Andrea Balderi Wunschtrainer des TuS Ascheberg

Bezirksligist TuS Ascheberg stellte nun seinen neuen Trainer für die kommende Saison vor. Volker Ernst (links), stellvertretender Abteilungsleiter, begrüßt den neuen Coach Andrea Balderi (Mitte) mit dem Mannschaftsbetreuer Rüdiger Vester.  Foto: cb

Ascheberg - Der TuS Ascheberg hat einen neuen Trainer gefunden. Andrea Balderi coacht in der kommenden Saison den Fußball-Bezirksligisten. Der Italiener hatte bis Dezember den SC Greven 09 trainiert.

Andrea Balderi ist Koch von Beruf. Vom kommenden Sommer an steht er beim TuS Ascheberg „am Herd“ – allerdings nebenberuflich und durchaus nicht im Wortsinne.

Der 46-jährige Fußballtrainer aus Hiltrup wird ab Sommer den Bezirksligisten TuS Ascheberg übernehmen, als Nachfolger von Holger Möllers und dessen Assistenten Martin Eickmeyer.

Balderi und Ascheberg – diese Kombination dürfte manchem bekannt vorkommen. Nicht ohne Grund: Andreas Bruder Roberto coachte die Handball-Damen der HSG Ascheberg/Drensteinfurt in der Saison 2012/13.

Andrea Balderi hat es eher mit dem Fußball, und in dieser Sportart als Trainer beträchtliche Erfolge gefeiert. 13 Jahre lang war er bei Preußen Münster tätig, coachte in dieser Zeit Nachwuchsteams bis hin zu den A-Junioren und die zweite Senioren-Mannschaft der Adlerträger in der Verbandsliga.

Zusammenarbeit soll langfristig sein

Es folgten insgesamt zehn Jahre bei Borussia Münster. wo er die A-Junioren in die Landesliga führte und später mit den Senioren den Aufstieg in die Bezirksliga feierte. Der gleiche Erfolg gelang ihm in der vergangenen Saison mit dem SC Greven 09 – was ihn jedoch nicht vor der Entlassung Ende des Jahres 2015 bewahrte.
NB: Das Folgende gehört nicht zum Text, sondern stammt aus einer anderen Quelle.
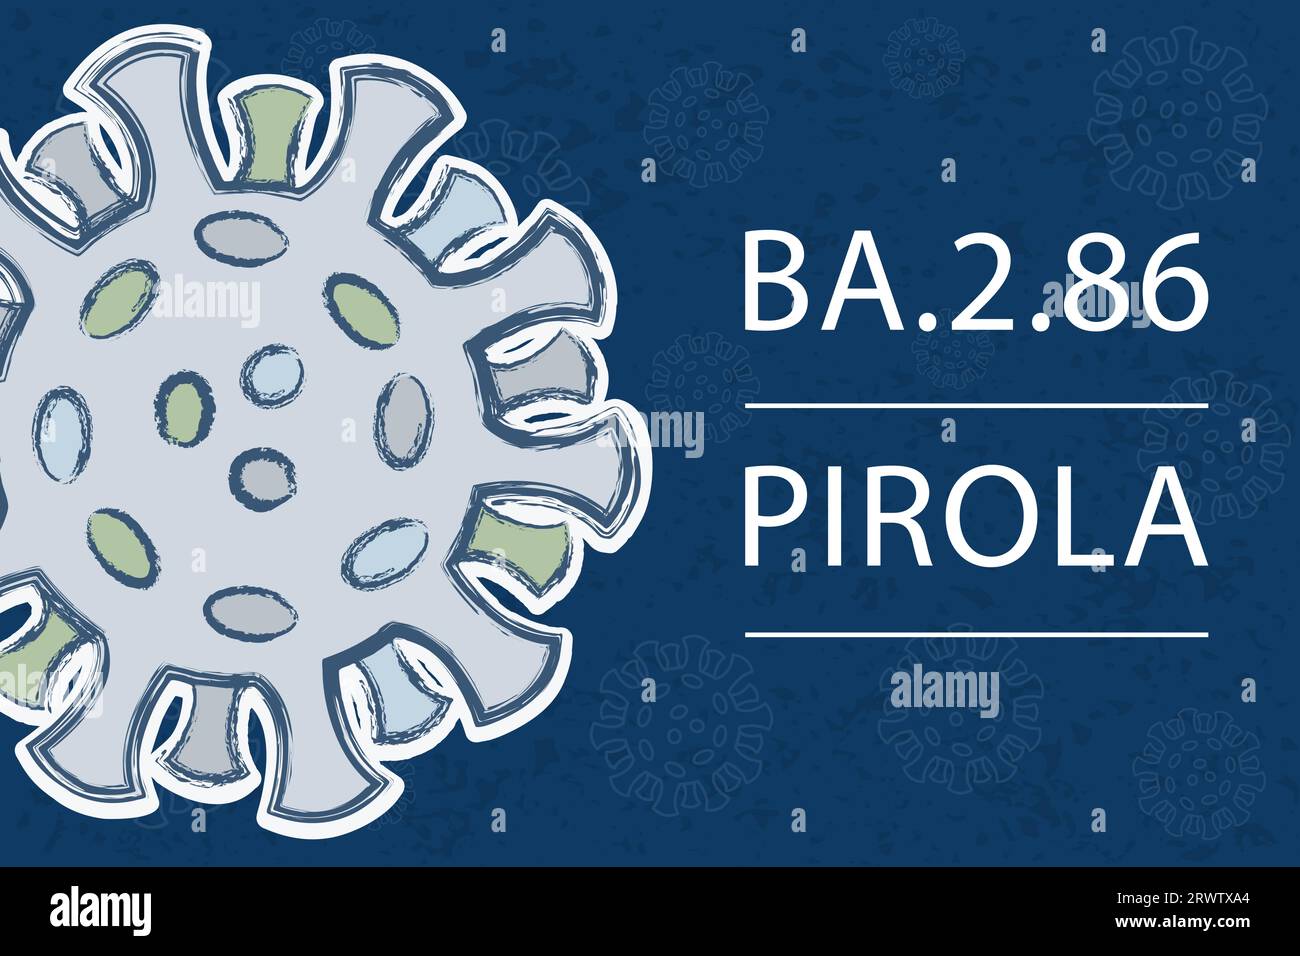 Una nuova variante del coronavirus BA.2,86, sottolinea di Omicron BA.2. Conosciuto anche come "Pirola". Pango lignaggio B.1,1.529.2,86. Testo bianco su sfondo blu scuro Illustrazione Vettoriale

Des einen Leid, des anderen Freud‘: „Ich habe gelesen, dass Andrea frei ist und habe ihn angerufen“, so Volker Ernst, stellvertretender Abteilungsleiter bei den Grün-Weißen. „Dann haben wir uns zusammengesetzt und auch den Mannschaftsrat miteinbezogen.“

Die Chemie stimmte offenbar – von den vier Kandidaten, mit denen die Ascheberger Gespräche geführt hatten, bekam der Italiener den Zuschlag.

Der TuS plant auf lange Sicht mit dem neuen Cheftrainer – ebenso wie seinerzeit mit Möllers und Eickmeyer, die den Bezirksligisten seit Spätherbst 2011 coachen. „Sein größter Vorteil ist, dass er viele Jahre bei einzelnen Vereinen war“, sagt Vorstandsmitglied Ernst über Andrea Balderi und dessen ehemalige Stationen Preußen und Borussia. „Wir wollten einen langfristigen Trainer.“

Die Bezirksliga 8, in der auch der Werner SC und die beiden Bergkamener Vereine FC TuRa und FC Overberge spielen, ist für den zweifachen, aus Pisa stammenden Familienvater Neuland. „Das ist für mich wirklich eine Wundertüte“, sagt Balderi. „Aber das heißt ja nicht, dass es schlecht ist.“

Schließlich kann ein guter Koch ja auch aus unbekannten Zutaten ein leckeres Gericht zubereiten.